The listing is to be printed word for word, pictures omitted.

── INPUT DATA ──

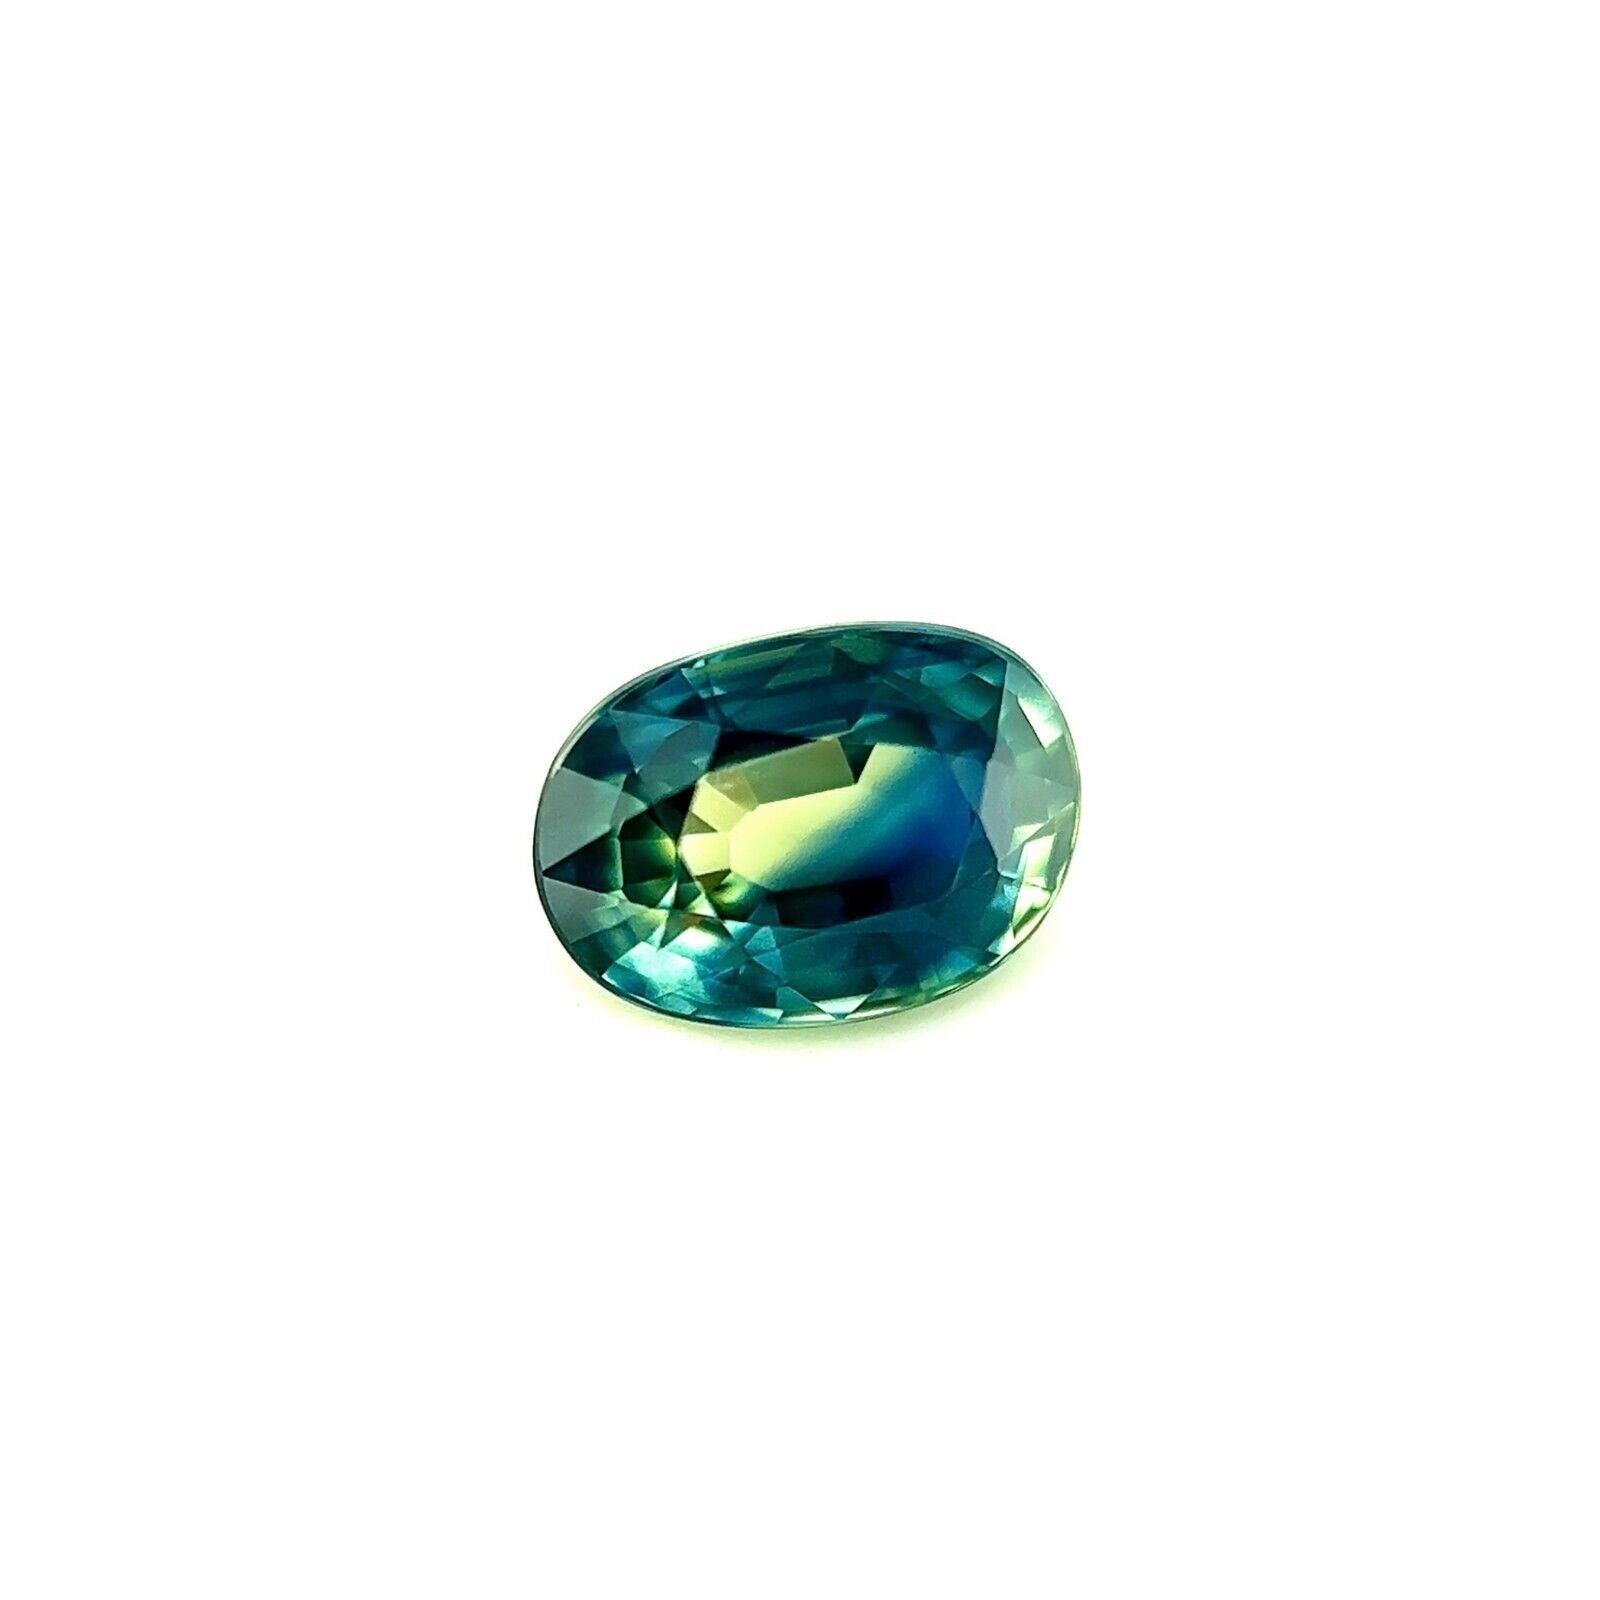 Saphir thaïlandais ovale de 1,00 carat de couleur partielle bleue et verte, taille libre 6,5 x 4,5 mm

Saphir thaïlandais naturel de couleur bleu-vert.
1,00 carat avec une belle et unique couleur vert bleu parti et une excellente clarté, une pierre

───

#### RESULT FOR THIS EXERCISE:
 Saphir thaïlandais ovale de 1,00 carat de couleur partielle bleue et verte, taille libre 6,5 x 4,5 mm

Saphir thaïlandais naturel de couleur bleu-vert.
1,00 carat avec une belle et unique couleur vert bleu parti et une excellente clarté, une pierre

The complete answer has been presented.